Man, I screw everything up. I finally had someone to talk to, and I was much too honest. I just said how I really felt, but I barely know her, and it isn’t her problem. I feel so stupid. Depression is so venomous, and everything I touch is poisoned. I feel like I can’t tell anyone on this planet, except people on this site, how I really feel. They just can’t take it. I get that though. Clearly, I’m about at the end of my rope with it. Just the moment I gain some hope, I screw it up again and want to die even more. Maybe I should just go through with it. I’m not the only one better off with me dead. Everyone is just so much the better if I die. If I could, I’d make it so I never existed. Then they’d be even better.
3 comments
I feel the same way. As soon as you find someone you think you can really trust, and can finally tell everything to, leaves you, right when you feel like you’re worth something, anything, and then you’re nothing. Less than you’ve ever been.

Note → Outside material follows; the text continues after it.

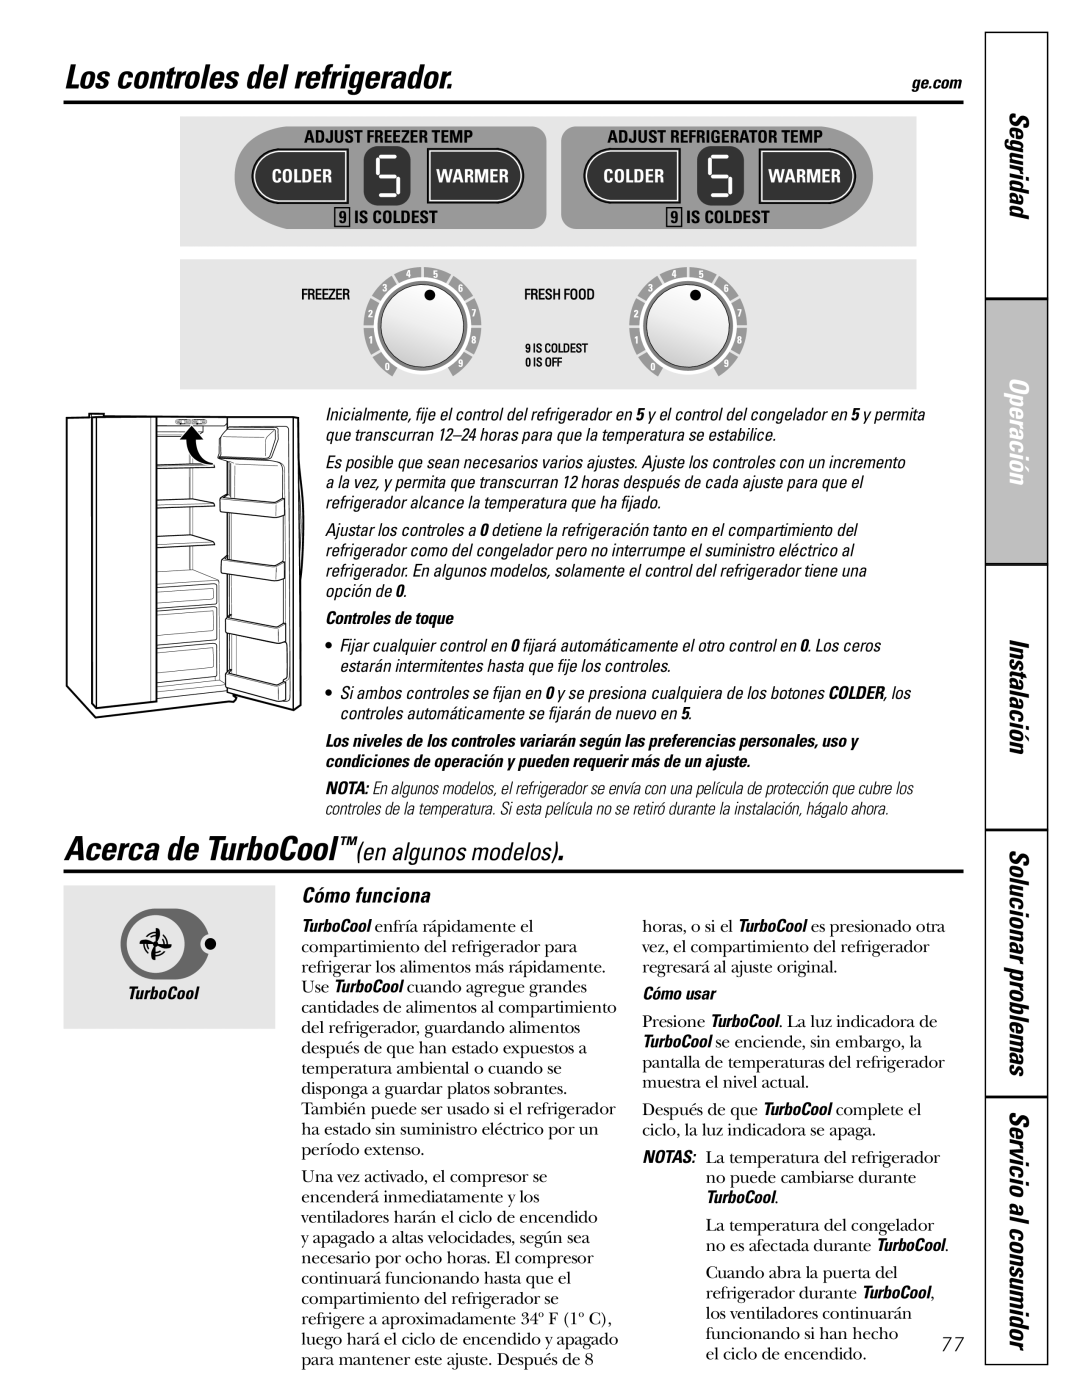 GE 25 and 27 Los controles del refrigerador, Acerca de TurboCoolen algunos modelos, Seguridad, Operación, Instalación 
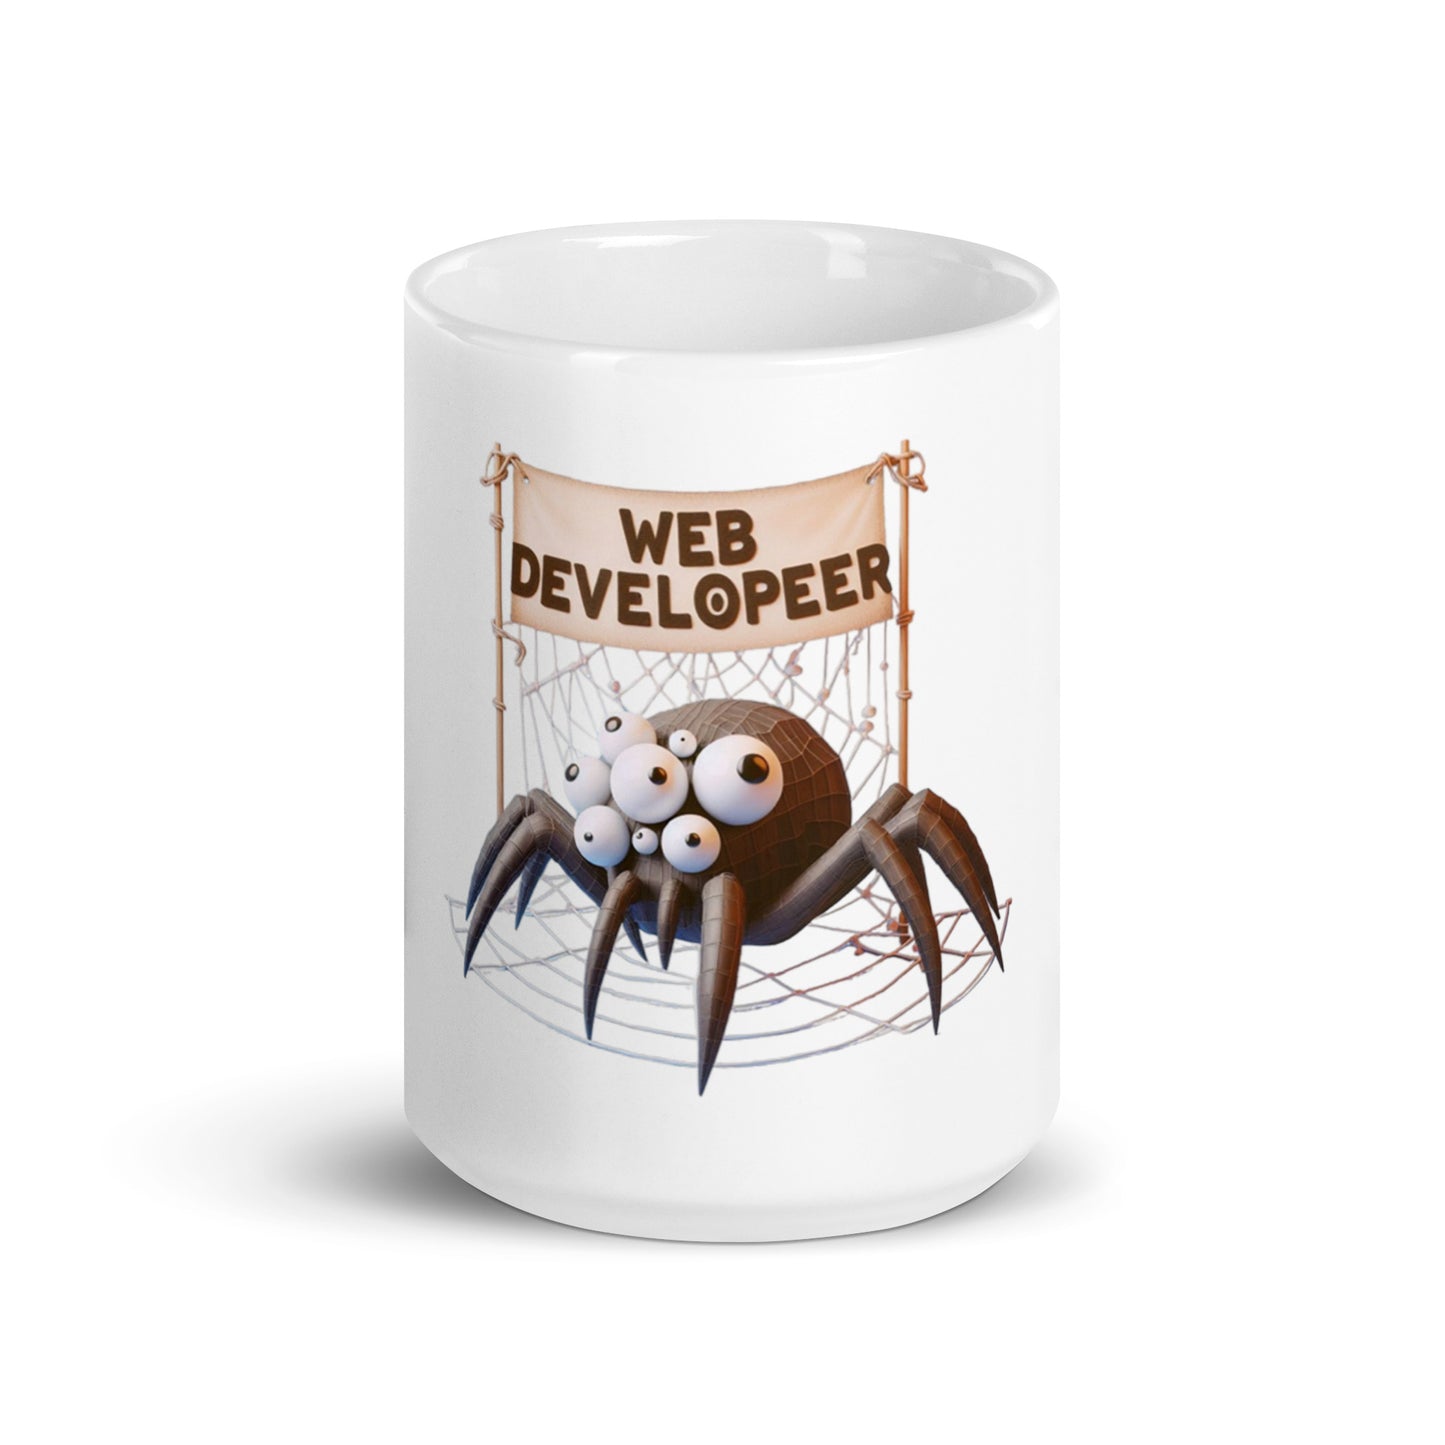 Web Developer mug

BTW, If you ever need to talk or stuff. I’ll listen. And I’ll never leave.
I really appreciate you being available. I’m here for you if you need to talk as well. I know how hard it is to find people who understand and won’t leave. Unless they experience it, they just can’t grasp it. I just don’t know how to gauge relationships. Who can you trust? Who can handle what you have to say? You know what I mean?
I understand completely. For me it’s like, you can’t trust anyone. I’ve only ever opened up on here and my tumblr. And, for who can handle it, I think nobody can handle it. It’s just happens and we get over what we hear, or get used to it. Either way not handling it is unavoidable. It’s the reason why most of us are here, is it not?